Subsequent call to /auth body:

{"responseStatus":{"errorCode":"Not Authenticated","message":"Not Authenticated","stackTrace":"[Authenticate: 11/13/2014 3:27:49 PM]:\n[REQUEST: {}]\nServiceStack.HttpError: Not Authenticated\r\n at ServiceStack.Auth.AuthenticateService.Post(Authenticate request)\r\n at lambda_method(Closure , Object , Object )\r\n at ServiceStack.Host.ServiceRunner`1.Execute(IRequest request, Object instance, TRequest requestDto)","errors":[]}}

Update I crafted a small Python3 script to authenticate myself and call some other web service. After authentication using RememberMe=true, the cookies come back as expected: ss-id/pid are set fine and ss-opt=perm. I figured I would print the header cookie and just paste it into a header of another request to call a different service marked with [Authenticate]. It didn't work. So I tried something silly and pasted the ss-pid cookie value into the ss-id one. It worked.
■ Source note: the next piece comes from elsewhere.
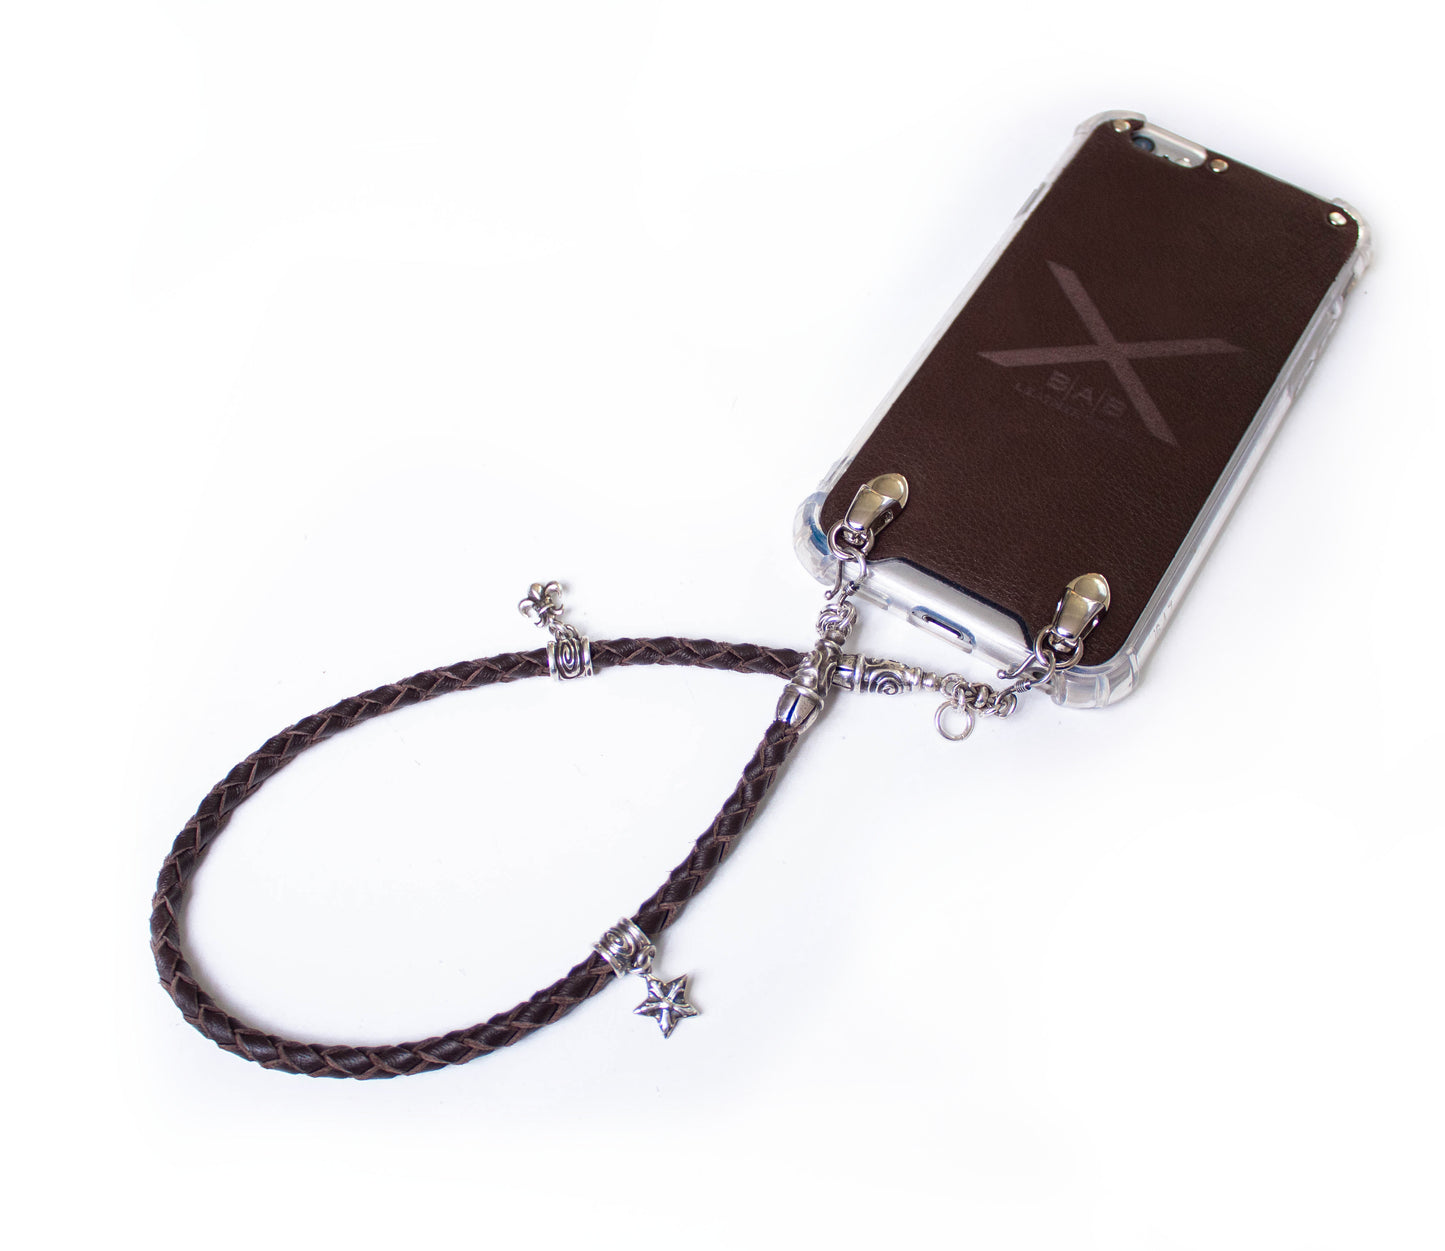 Full-Grain Genuine vegetable-tanned Leather & 925 Sterling Silver Case for iPhone. Brown Genuine Leather Bracelet/Choker/Strap 4 hand-braided strands.- F02

Here's the failing cookie string (session redacted :)):

cookie = "ss-id=ss-ID-session-cookie; domain=.zola360.com; path=/; HttpOnly, ss- pid=ss-PID-session-cookie; domain=.zola360.com; expires=Tue, 14-Nov-2034 01:34:25 GMT; path=/; HttpOnly, ss-opt=perm; domain=.zola360.com; expires=Tue, 14-Nov-2034 01:34:25 GMT; path=/; HttpOnly, X-UAId=; domain=.zola360.com; expires=Tue, 14-Nov-2034 01:34:25 GMT; path=/; HttpOnly, 47=0; domain=.zola360.com; path=/, UserId=47; domain=.zola360.com; path=/"

And simply pasting the ss-pid value into ss-id works:

cookie = "ss-id=ss-PID-session-cookie; domain=.zola360.com; path=/; HttpOnly, ss- pid=ss-PID-session-cookie; domain=.zola360.com; expires=Tue, 14-Nov-2034 01:34:25 GMT; path=/; HttpOnly, ss-opt=perm; domain=.zola360.com; expires=Tue, 14-Nov-2034 01:34:25 GMT; path=/; HttpOnly, X-UAId=; domain=.zola360.com; expires=Tue, 14-Nov-2034 01:34:25 GMT; path=/; HttpOnly, 47=0; domain=.zola360.com; path=/, UserId=47; domain=.zola360.com; path=/"

And the Python3 script I used:

import httplib2 as http
import json

try:
    from urlparse import urlparse
except ImportError:
    from urllib.parse import urlparse

headers = {
    'Accept': 'application/json',
    'Content-Type': 'application/json; charset=UTF-8'
}

uri = 'https://mysite.com'
path = '/api2/auth/credentials'

target = urlparse(uri+path)
method = 'POST'
body = '{"username": "username", "password": "password", "RememberMe": "true"}'.encode()

h = http.Http()

response, content = h.request(target.geturl(), method, body, headers)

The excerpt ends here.